Krieg in Nahost
Ölpreise legen zu – Brent-Preis steigt dritten Tag in Folge
Aktualisiert am 23.04.2026 – 08:12 UhrLesedauer: 1 Min.
Die Waffenruhe im Nahen Osten wackelt, Trump macht Druck. Die Folgen zeigt der Rohstoffmarkt.
Die Ölpreise haben wegen des Iran-Kriegs den dritten Tag in Folge zugelegt. Ein Barrel (159 Liter) der Sorte Brent mit Lieferung im Juni wurde bei 103,23 US-Dollar gehandelt und damit mehr als ein Prozent über dem Niveau vom Vortag. Die Waffenruhe im Nahen Osten steht zunehmend auf der Kippe.
US-Präsident Donald Trump hat zuletzt den Druck auf den Iran erhöht und gibt dem Land Berichten zufolge nur noch wenige Tage Zeit für einen Vorschlag zur Beendigung des Krieges. Allerdings sieht sich Teheran mit der Blockade der für den Ölhandel wichtigen Straße von Hormus in einer Position der Stärke.
Das Ausbleiben von neuen Verhandlungen für ein Ende des Iran-Kriegs verunsichert die Anleger an den Rohstoffmärkten. Seit Beginn der Woche hat sich Rohöl aus der Nordsee fast sieben Dollar und US-Öl fast vier Dollar je Barrel verteuert.
Experte Dennis Kissler vom Finanzdienstleister BOK Financial Securities geht davon aus, dass der Preisanstieg so lange weitergeht, bis eine der beiden Kriegsparteien nachgibt.

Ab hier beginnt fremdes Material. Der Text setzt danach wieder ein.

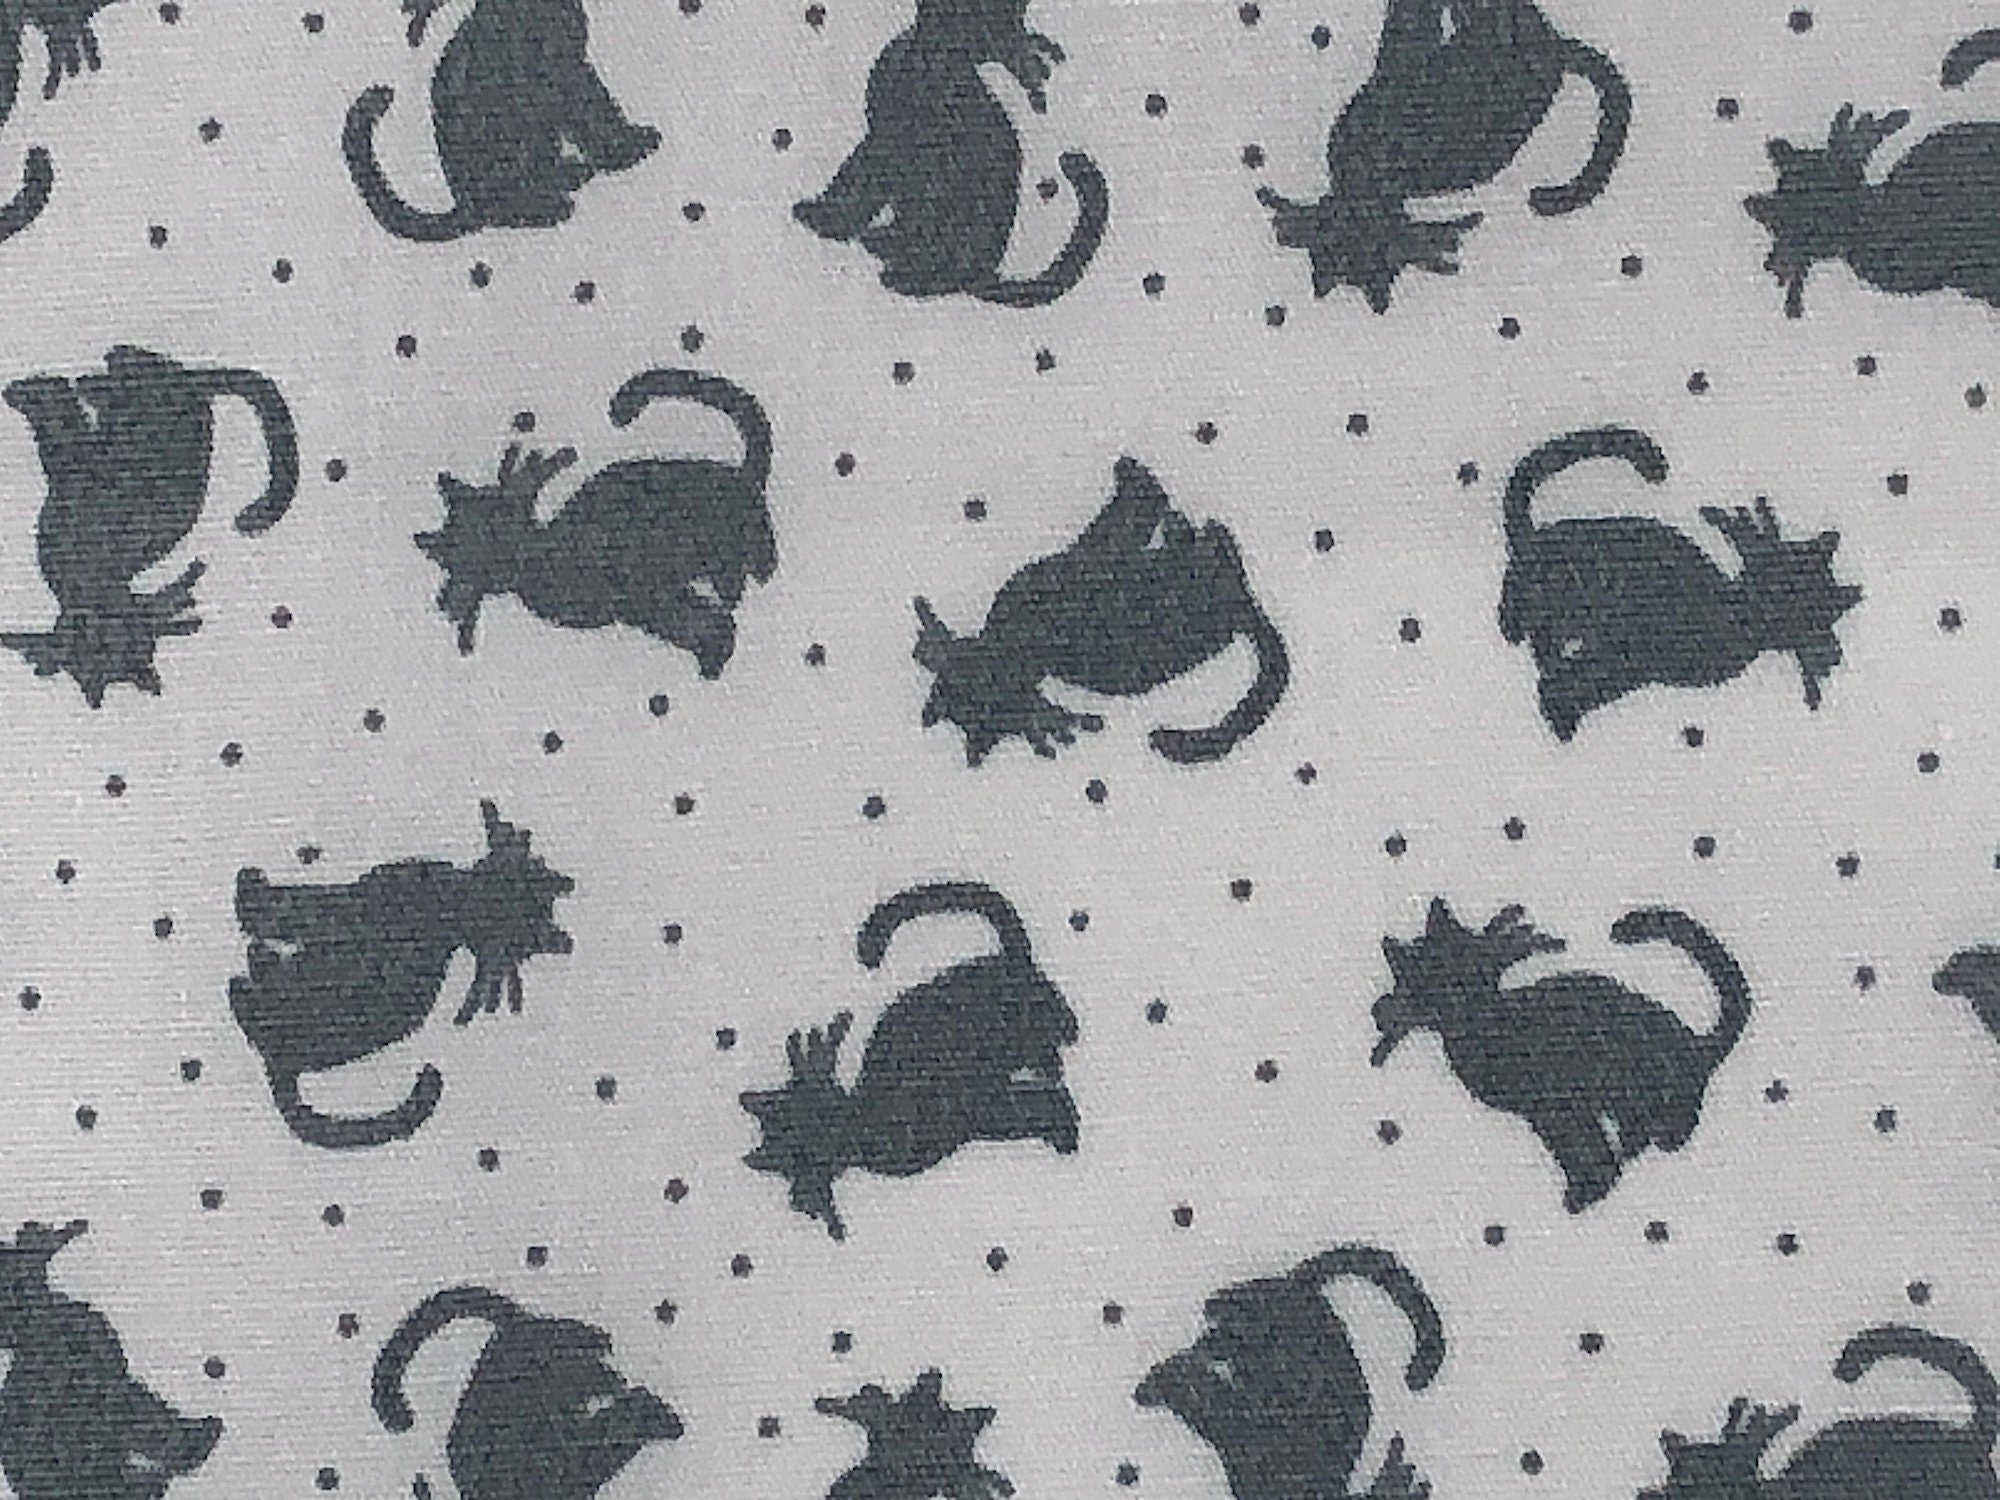 This fabric is called Tonal Cats White/Gray and is part of the Better Basics Collection. This fabric has gray cats on a white background which is also covered with small gray dots.

Seiner Einschätzung nach sind die Verhandlungen über ein Abkommen festgefahren. „Je länger kein Öl durch die Straße von Hormus fließt, desto weiter werden die Preise steigen“, sagte Kissler.
Washington und Teheran befinden sich derzeit in einer Sackgasse bei mehreren maßgeblichen Themen, die für ein Ende des Krieges entscheidend sind, darunter das iranische Atomprogramm.